Found this today while looking for a source for instant milk for food storage...Costco - Emergency Food Supply Whey Milk
50 - 5 serving pouches in plastic pail. 20 year shelf life, probably more.
Great buy, Ebay wants $89.30 same one. Free shipping from Costco and they don't add premium for non-member.:dunno:
My wife and I drink a lot of milk. I'll let you know how long it takes to get.:2thumb:


----------



## UncleJoe (Jan 11, 2009)

Another great link! Thanks Bob

Are you going to try it before you pack it away? If you do lets us know how it is. :beercheer:


----------



## bunkerbob (Sep 29, 2009)

UncleJoe said:


> Another great link! Thanks Bob
> 
> Are you going to try it before you pack it away? If you do lets us know how it is. :beercheer:


Yes I am going to try it for sure, trying to find the best one.

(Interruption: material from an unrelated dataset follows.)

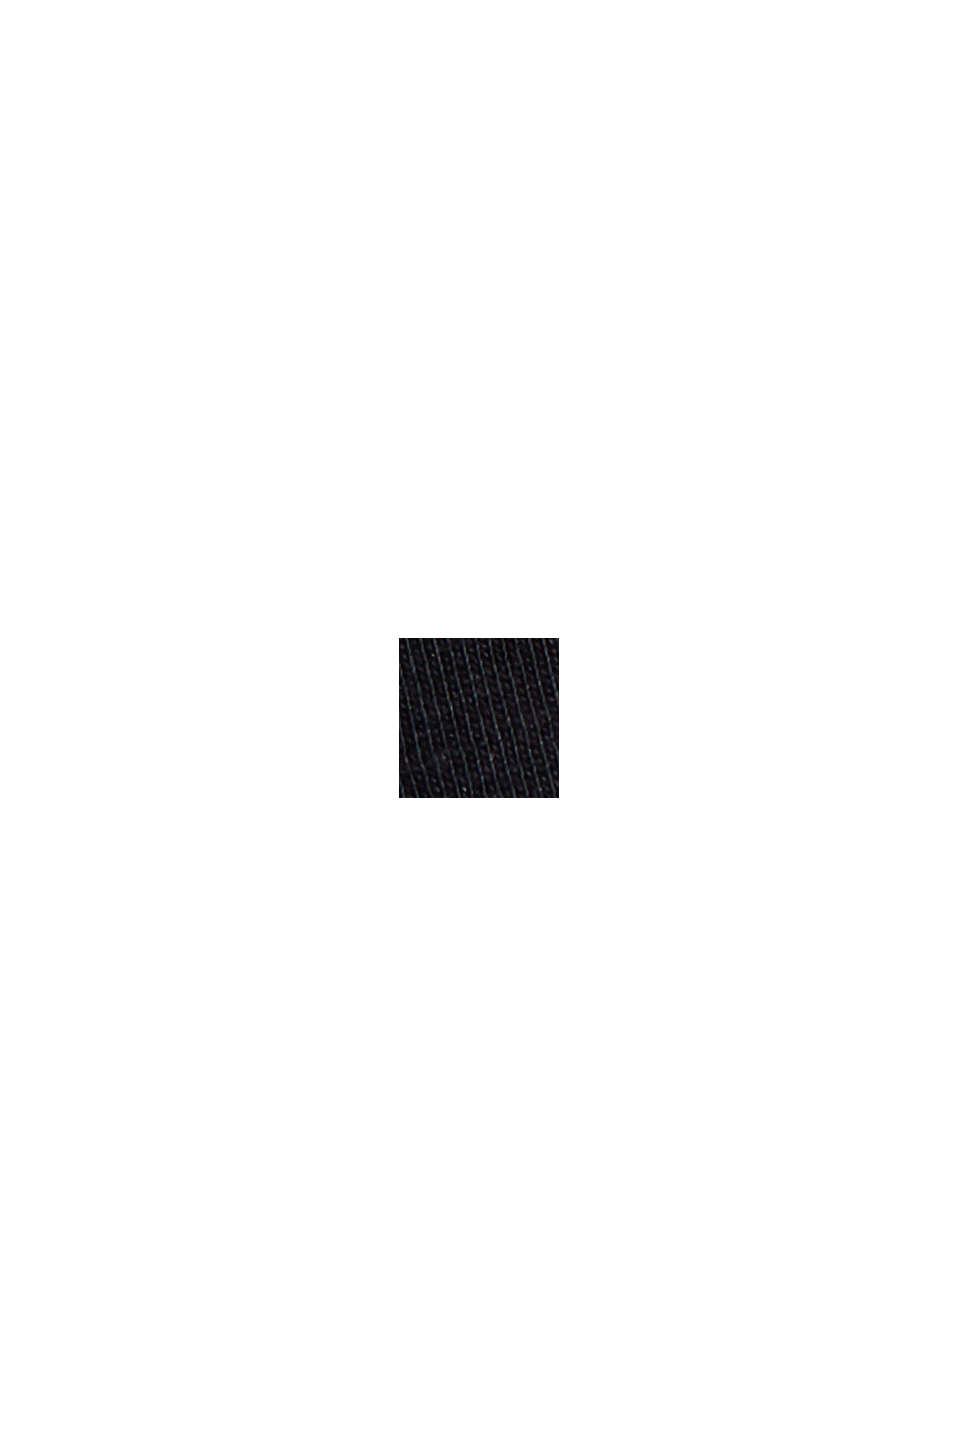 Met linnen/biologisch katoen: jersey poloshirt, BLACK, swatch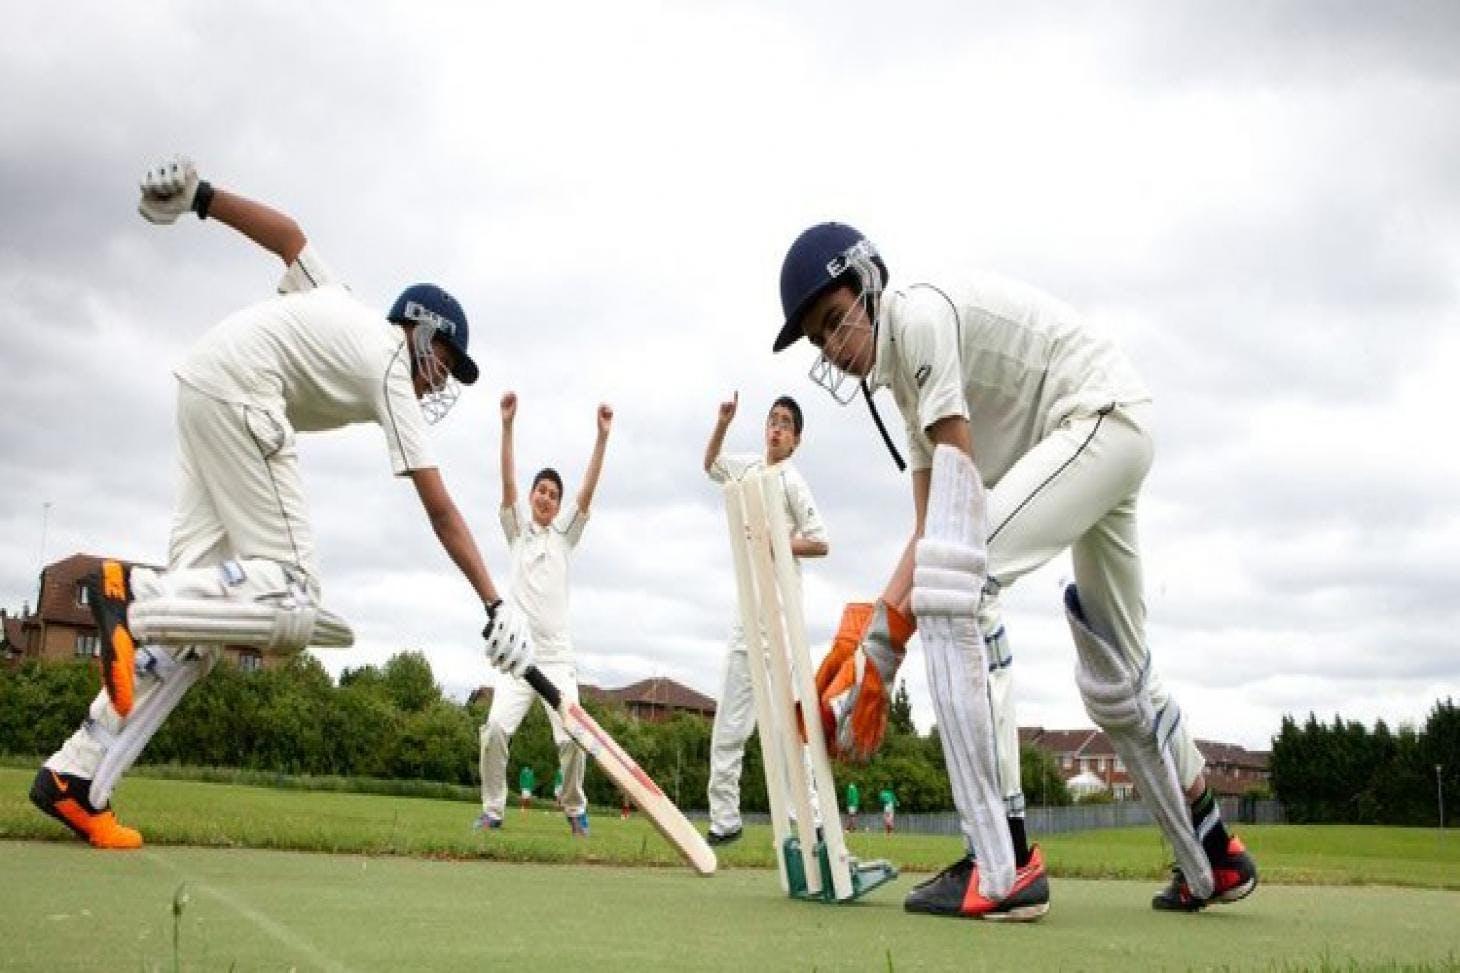 Challney High School for Boys Full size | Grass cricket facilities

One thing I know is that dry milk needs to be really cold and it helps if its made with well water, no chlorine, or chloramine as in city water, found this out years ago when I backpacked a lot, very cold stream or glacier water was the best.
I also read somewhere that if you add canned evaporated milk to it it also helps, unfortunately it doesn't last as long.
I'll have to also try some of the dry milk I have had stored for years, #10 cans, part of my first storage units, about 25-30 years old by now, started in the early 70's as most of you have gathered. I'll just repac it with oxy pacs and vacuum in glass.
I think I told everyone that I just re-gassed the beef, chicken, and plain TVP, about a month ago, it tasted just fine, as TVP goes, no rancid taste.:2thumb:
Here's a photo of the can rack from FIFO I just put together, and some of the food storage units, I don't think they make these anymore.


----------



## Jason (Jul 25, 2009)

If I were standing in a bunker door watching the fallout rain down and I looked back into the bunker and saw my survival guaranteed by all those cans of navy beans, I'd run outside naked and make "snow angels" in the fallout. 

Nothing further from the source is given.